Puerto Rico does indeed have a long history, from its modern beginnings when Christopher Columbus landed on Puerto Rico, but even before that to the time of the Taino people when the island was called “Borinquen”.

View Larger Map

Satellite view of Puerto Rico

When Christopher Columbus on his second trip in 1493 landed in Puerto Rico and claimed the new land for Spain, he found the island inhabited by Taino Indians, who were friendly compared to the Indians in some of the more southern islands, which were cannibals. The conquest of the island didn’t take long, and the Tainos were put to work as slaves for the purpose of mining the gold that was found on the island. The gold didn’t last long and in 1511 there was a rebellion by the Taino indians which believed that the Spaniards were Gods. However, it wasn’t the Spanish settlers that killed the Taino so quickly, but the diseases that were brought from Europe and for which the Tainos had no cures.

The island remained Spanish despite many attempts by pirates and English and Dutch expeditions to conquer the island. To defend the island against these attacks, two forts, El Morro and San Cristobal, were built to guard the approaches to San Juan harbor. Defense by these forts prevented attempts by an English fleet in 1595 , another English fleet in 1598, and by a Dutch fleet in 1625 to capture Puerto Rico for their empires. Another defeat of the British fleet in 1797 finally stopped that country’s desire of the island, and the Spanish colony was kept under spanish rule. During the 16th to the 19th century Puerto Rico was primarily underpopulated and suffered poverty and neglect by Spain. Puerto Rico was mainly a port for the ships that would pass the island on their way to and from the other richer colonies. During this time many years would pass between the arrival of ships from Spain since trade with other countries was prohibited. The island turned to contraband trading with ships from England, or whomever would trade for the produce of the island which at that time, ginger was the main product. This continued until Spain’s law was changed to allow unrestricted trade with its neighboring colonies.

The 19th century in Puerto Rico was depicted by governors who stopped the independence movements in Puerto Rico. Slavery and the importation of slaves reached its peak, with the need for workers on the sugar and coffee plantations.
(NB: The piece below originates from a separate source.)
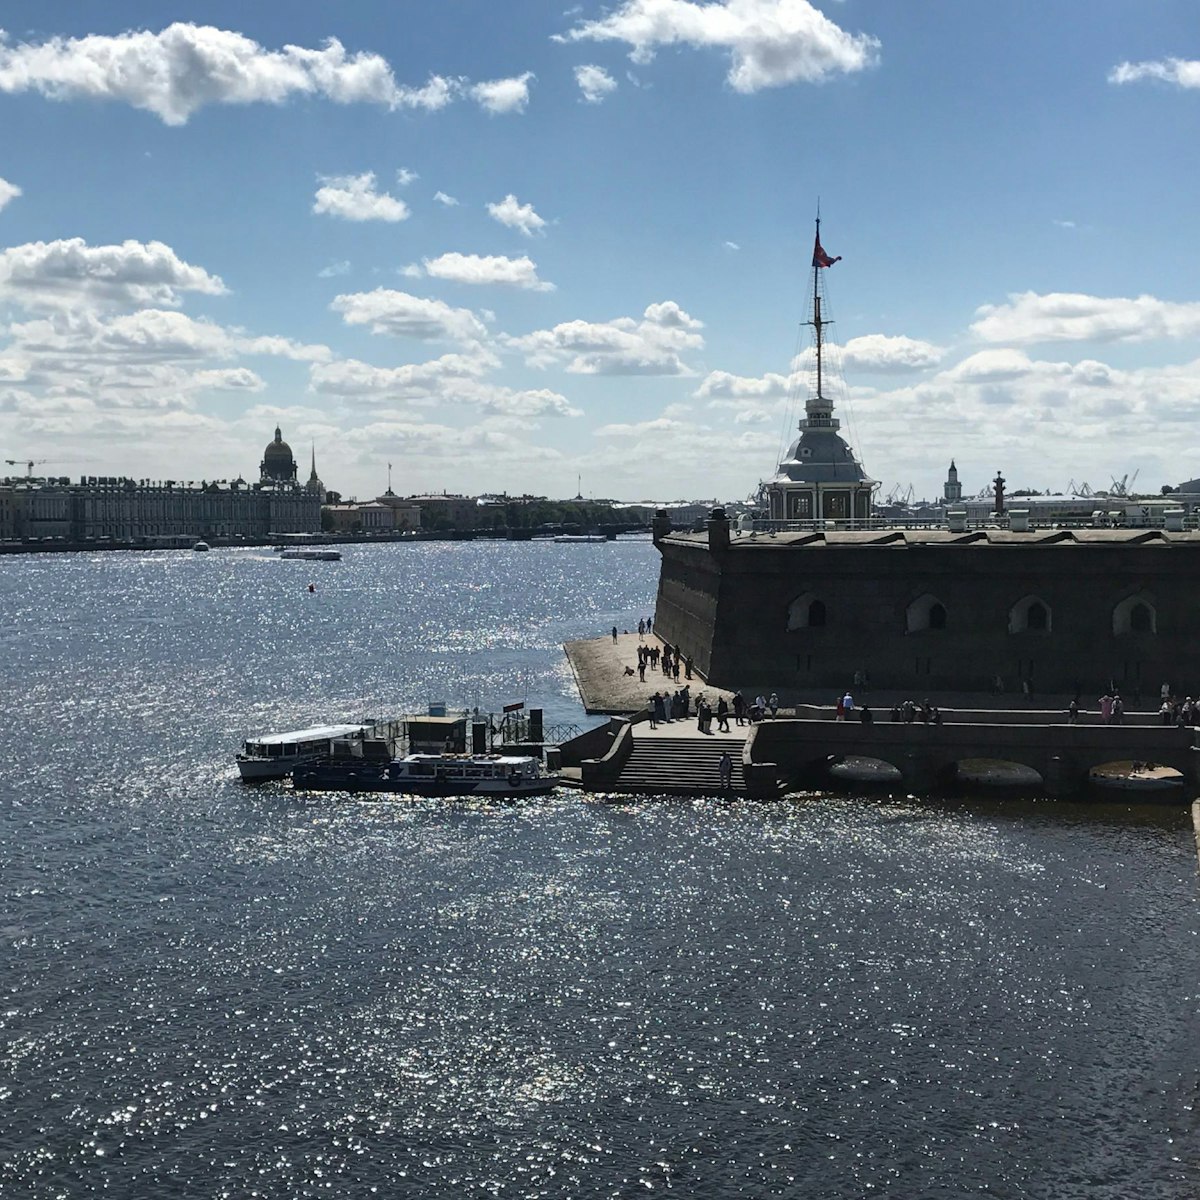 Naryshkin Bastion seen from across the Neva river in St Petersburg.

Slavery was finally abolished in Puerto Rico in 1873. During this time there was also increased immigration from the colonies that were being lost by Spain and this increase of people and capital allowed for the creation of many towns and cities. The economy grew as a result and export became prominent, especially coffee and sugar. In 1897 home rule was established for the first time and Puerto Rico was given the status of a spanish dominion. This was short lived, the United States defeated Spain in the Spanish-American war and was ceded Puerto Rico in 1898.